If I stopped here...and inserted this image into CorelDRAW onto my diagram, this is what it would look like:









Now compare those two images. You see....what is not red, shows up on the gold background as being transparent or like swiss cheese! Lets correct this by completing the mask.

The next masking move is to "REMOVE HOLES" within the mask. Here is where the CorelPHOTOPAINT menu function resides in the software:









Go ahead....click on REMOVE HOLES and see what happens.









Same thing...except highlighted in red:









NOW THAT is a nice smooth mask!!!! See how nice and neat the red areas are in that image? Sweet!

Lets do two more things:

First, you may have seen images floating around the internet which have fuzzy borders...well for example, the Bit Own image we downloaded earlier, which had the mask already made? If you insert that into your system diagram and look closely, you will see it is a nice mask but not perfect. The image has a sliver of white around it. That is a nasty little edge for all the hard work that was put into masking that sucker.

Let make our image a little better.

We want to reduce the size of our masked area by a VERY small size. So small in fact, we have to INPUT an actual number, in PIXEL sizes to make it happen. Here is how:

Go to REDUCE mask outline as shown here:









The next dialogue box that pops up will ask you to input an amount. This is in pixel units. We want only 1 pixel reduction. Enter "1" as shown here:









You may not see the difference, but trust me, it will help make your images very crisp.

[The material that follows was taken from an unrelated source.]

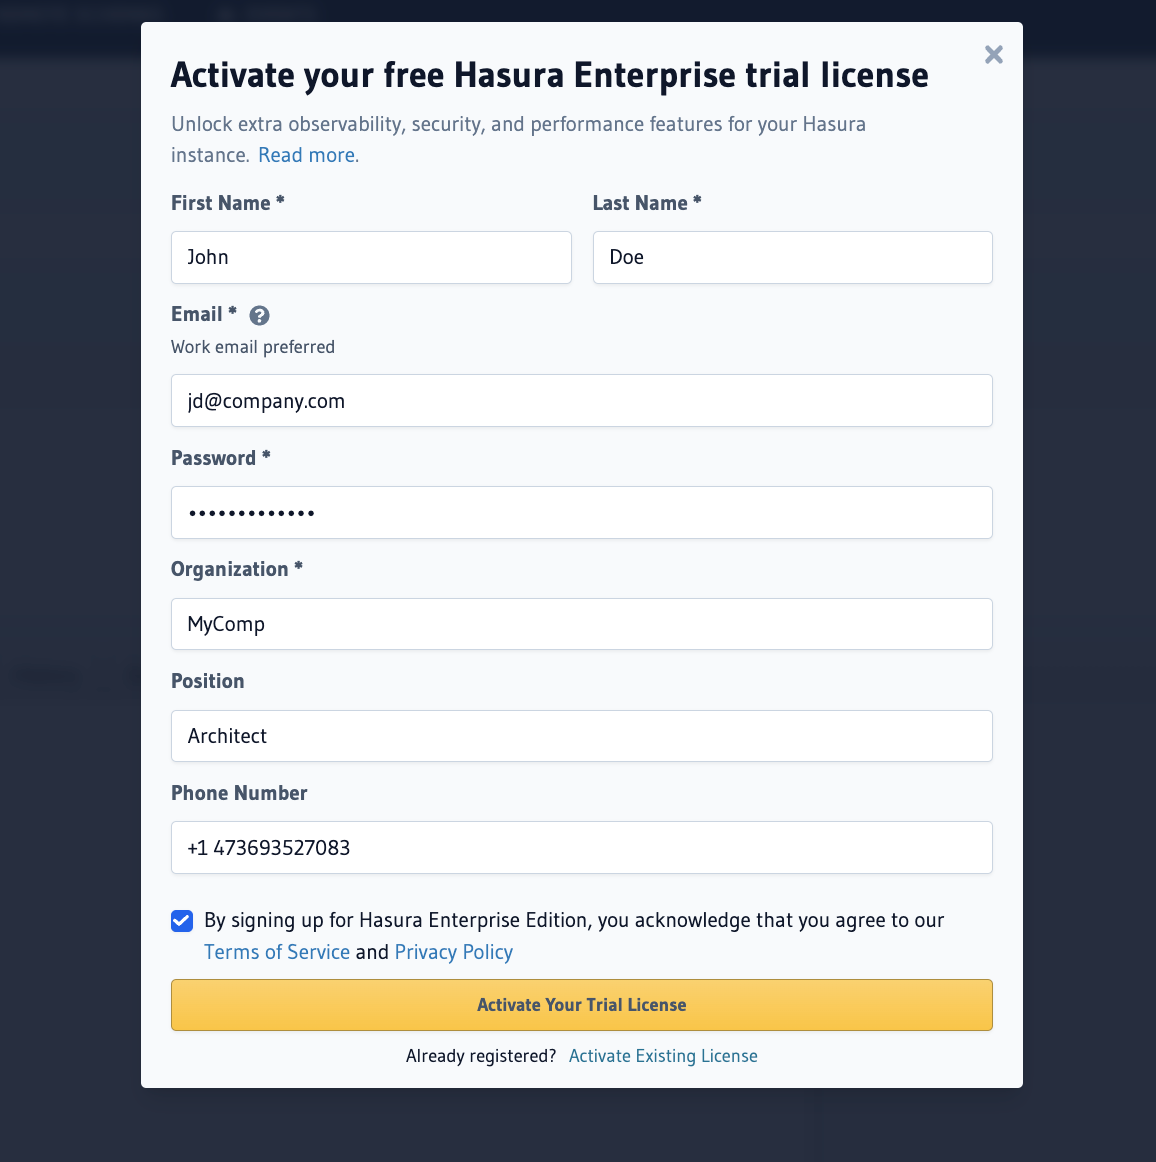 Activate your Trial License

Our final step is a necessary one....

This entire time you have been busy making a mask around the Bit One. But in truth, you have been telling the computer what to HIDE or crop. All the images I have shown above in red? I did not tell you, but I had to INVERT the mask to make it appear correctly for this tutorial. But now you have to INVERT your mask. We want to invert the mask because we want to trim everything BUT the Bit One.

Before you begin, you should know that another approach to this entire masking thing is to mask the OUTSIDE of the Bit One instead of the inside. If we had chosen to mask to the outside of the Bit One perimeter, then the INVERT step would not be necessary. Next time you mask, try it both ways and see which one you like best.

To invert the mask go to this menu:









Now you are truly done with the masking effort. But it will all be worth it!!
*
SAVE YOUR FILE....DO NOT CHANGE THE FILE FORMAT TYPE. IF YOU CHANGE THE FORMAT TO JPG or something else ALL YOUR MASKING WORK WILL BE LOST.*


----------



## ARCuhTEK

For this tutorial we will now switch back to our page layout software, CorelDRAW. 

But in reality, you may want to mask all of your images now. When you are done with the masking, it is time to insert all the images into your system diagram page layout file.


----------



## ARCuhTEK

Now, back in CorelDRAW it is time to insert/import our newly masked photo images.

You will want to select FILE, then IMPORT as shown here:

Oh and yes I changed my background color again. You don't have to....I am just trying to find a background color with a good balance of light and dark colors. You will want to do the same, as it will affect how easily the viewer can see your images and any future text colors we choose.










This is what the image now looks like when first inserted:








*
Now is when you learn if you INVERTED your mask appropriately in CorelPHOTOPAINT. If you did NOT do it correctly, all you will see at this step, is an image with everything from your photograph BUT the Bit One processor. If that is your case, please go open the image file again in CorelPHOTOPAINT and INVERT the mask again. Then save and return here.*

Now it is time to re-size this image to the proper size for your diagram. Because this is the first image to be imported, it is not yet clear what size is appropriate. So what I do is just make the image MUCH smaller. This is because we are about to import/insert MANY images of all of the various components of our system. Here is how to re-scale the first image:

1. Click on the image of the Bit One using the PICK tool. The PICK tool is nothing more than the "white arrow/cursor" shown here:








You can see the PICK TOOL on the left side of the screen near the top of the menu (below the word FILE).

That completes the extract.